Yes, that's right. We're at the tail end of Covid - but it's time to plan for the next Covid to come along. Has a government agenda ever been so transparent? Of course, Hancock is only echoing Bill Gates when he talks about the 'next pandemic'. Back in January the software multi-billionaire, who has been able to gain so much influence with his foundation's funding of academics, scientists and public health organisations, outlined his strategy for dealing with the 'next pandemic,' which, he warns, could be "ten times more serious" than Covid. And, guess what, his strategy calls for "mega-diagnostic platforms," mass vaccinations and governments spending lots of taxpayers' money.

Compare Gates' proposals with what Hancock says and the new "Securing Our Health" webpage introducing the UKHSA and you can see quite clearly where the 'inspiration' for all this is coming from. Hancock, as he's done throughout 2020 and 2021, is following a global script.

As I highlighted in a recent OpEd, the 'War on Covid' is the new 'War on Terror.' Civil liberties were stripped away, post 9-11, in the 'War on Terror' and now we have the latest phase of the project. Like the War on Terror, the War on Covid/War on Viruses is never meant to end. In fact we don't really need new viruses to come along. Covid variants will work quite nicely, if Gates' 'ten times more serious' virus is delayed in traffic.

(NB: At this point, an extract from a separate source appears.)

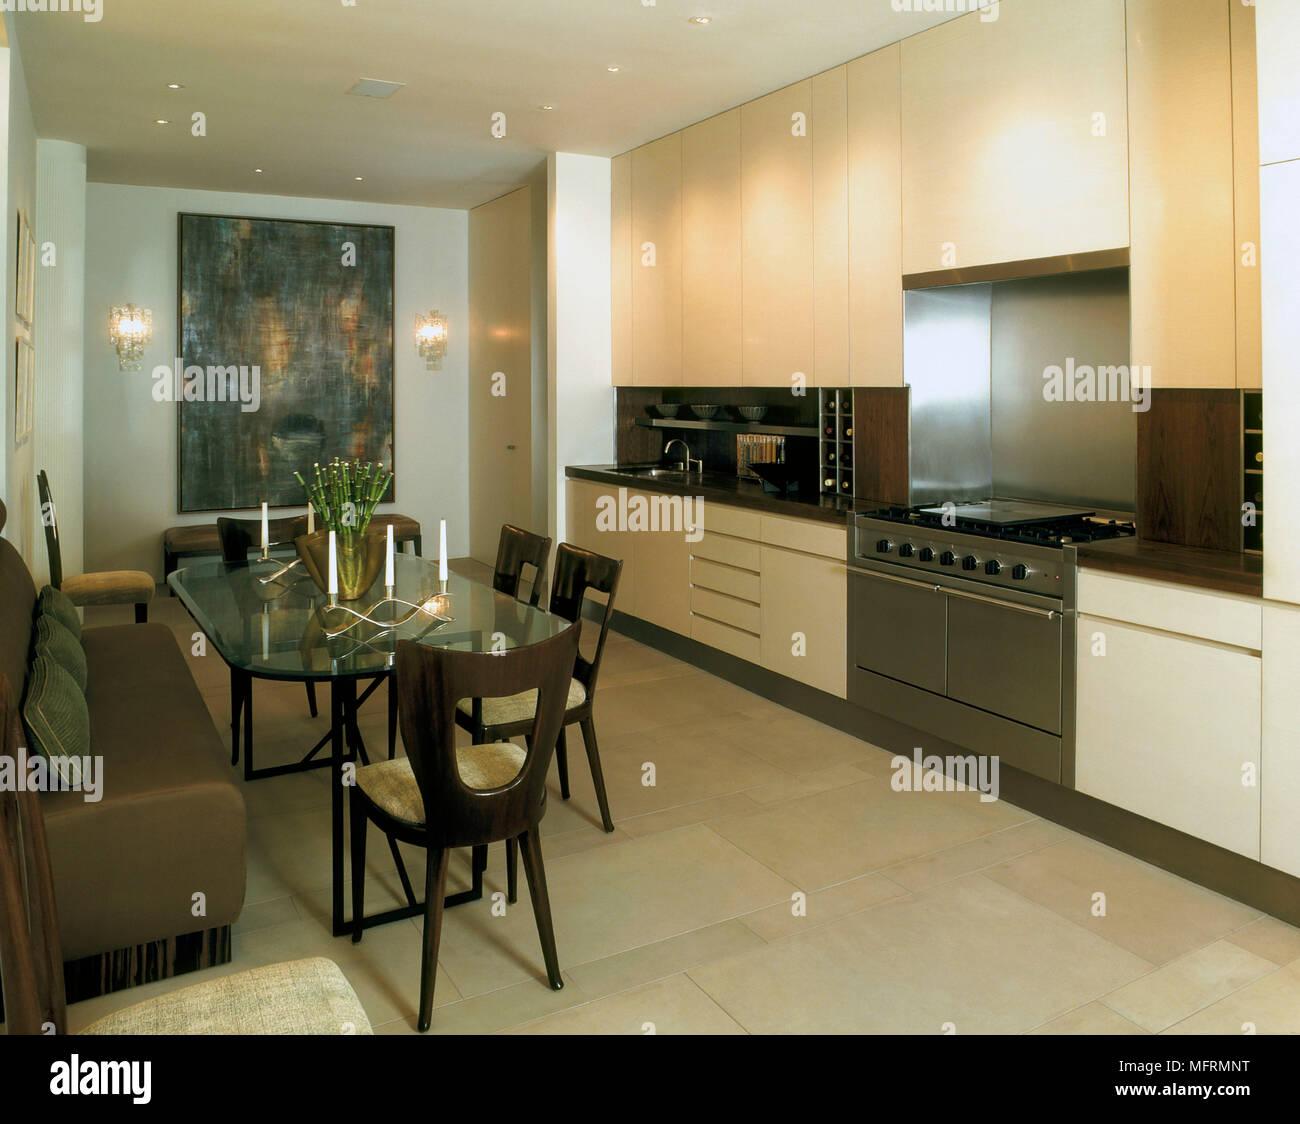 Una moderna cocina abierta con comedor unidades neutral mesa de vidrio  sillas asientos banquetas de piso 306a0a293c5e

In a piece for Bloomberg this week entitled 'We Must Start Planning for a Permanent Pandemic,' Andreas Kluth spelt it out very clearly for those who still don't get it: "For the past year, an assumption - sometimes explicit, often tacit - has informed almost all our thinking about the pandemic: At some point, it will be over, and then we'll go "back to normal. This premise is almost certainly wrong. SARS-CoV-2, protean and elusive as it is, may become our permanent enemy, like the flu but worse."

The establishment of the UKHSA at a time when deaths with Covid have dropped to low numbers is a clear sign that the UK government plans no 'back to normal.' Perhaps the scariest sentence in the UKHSA policy paper is "We need to consider how best to engage with citizens and drive behaviour change in the 21st century."

What 'behaviour change' can that be, I wonder? Requiring people to wear face masks and maintain 'social distance' from one another permanently? Don't forget Home Secretary Priti Patel declared last May that social distancing was 'here to stay.'

Many thought she misspoke, but ten months later and 'social distancing' is still here.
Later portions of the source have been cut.